Exercise aim: A verbatim reproduction of the lines below, from the line containing "Alvarado, Veracruz, Mexico" through the line containing "Även i Sverige", both ends included, is the whole required output.

Records to process:
####################

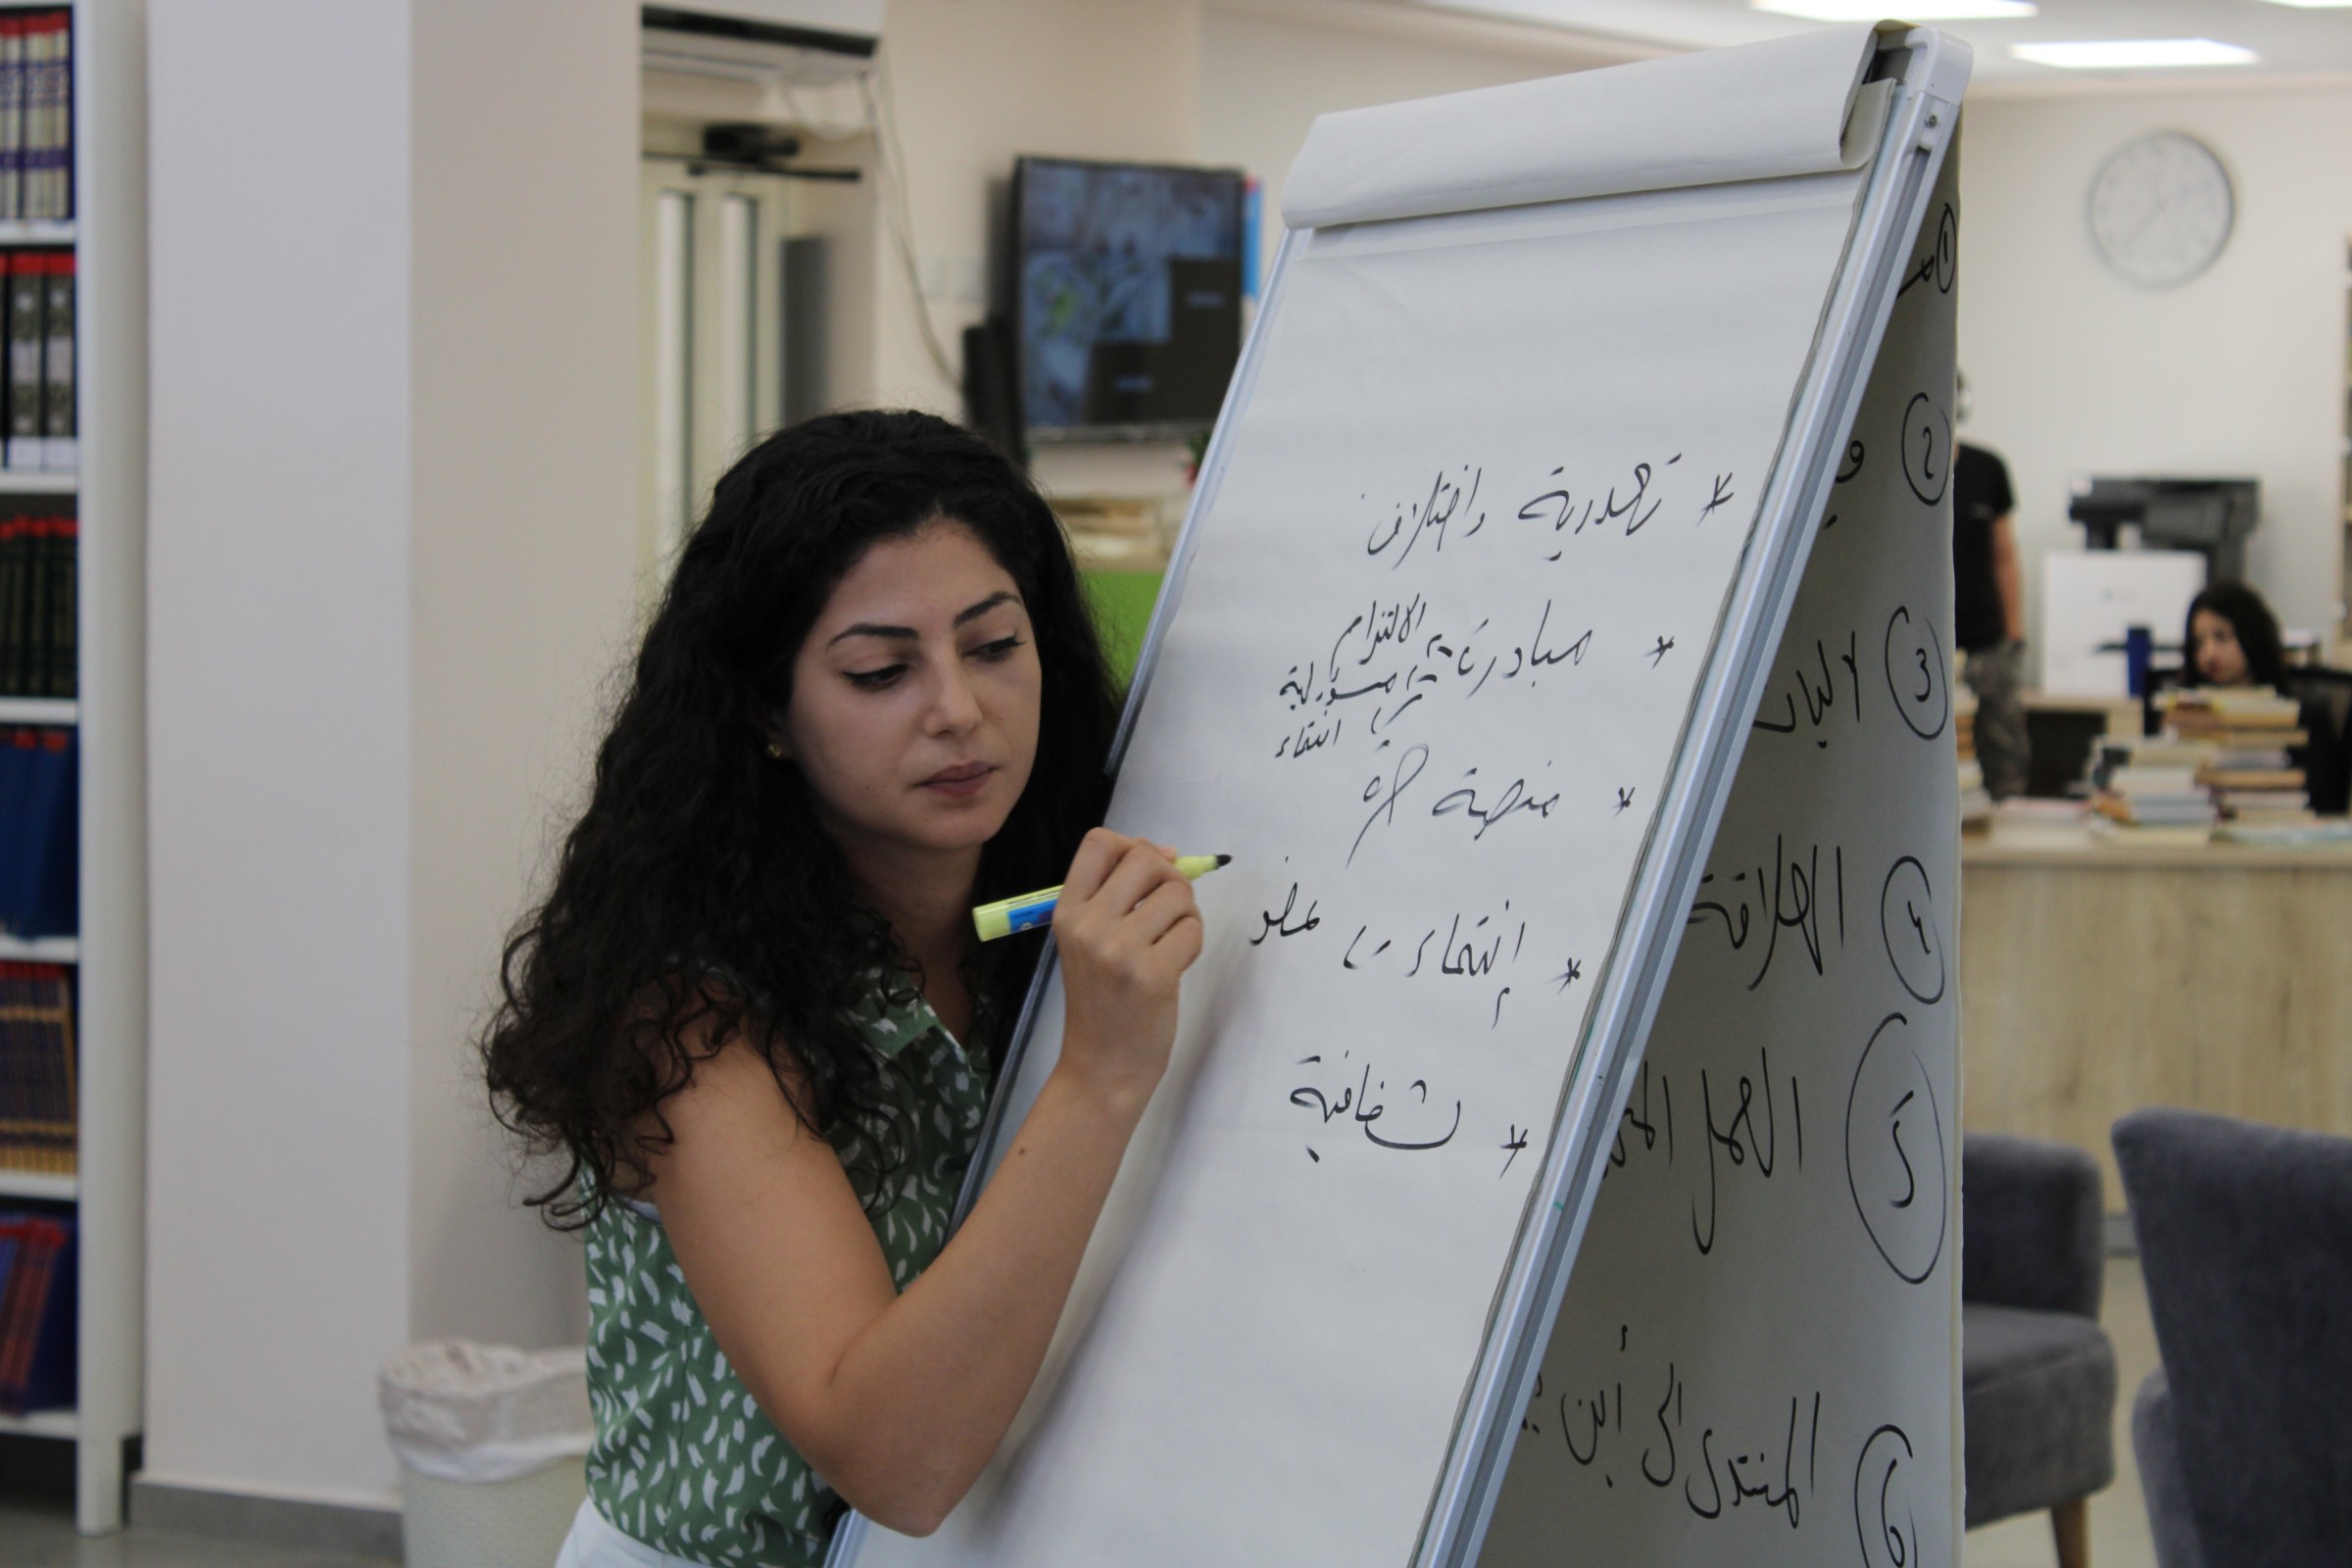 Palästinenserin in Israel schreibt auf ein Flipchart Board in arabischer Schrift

####################

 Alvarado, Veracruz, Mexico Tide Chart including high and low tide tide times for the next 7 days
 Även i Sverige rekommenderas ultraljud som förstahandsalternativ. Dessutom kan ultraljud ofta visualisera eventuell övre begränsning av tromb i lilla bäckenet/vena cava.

####################

Response to the task:
 Alvarado, Veracruz, Mexico Tide Chart including high and low tide tide times for the next 7 days
 Även i Sverige rekommenderas ultraljud som förstahandsalternativ. Dessutom kan ultraljud ofta visualisera eventuell övre begränsning av tromb i lilla bäckenet/vena cava.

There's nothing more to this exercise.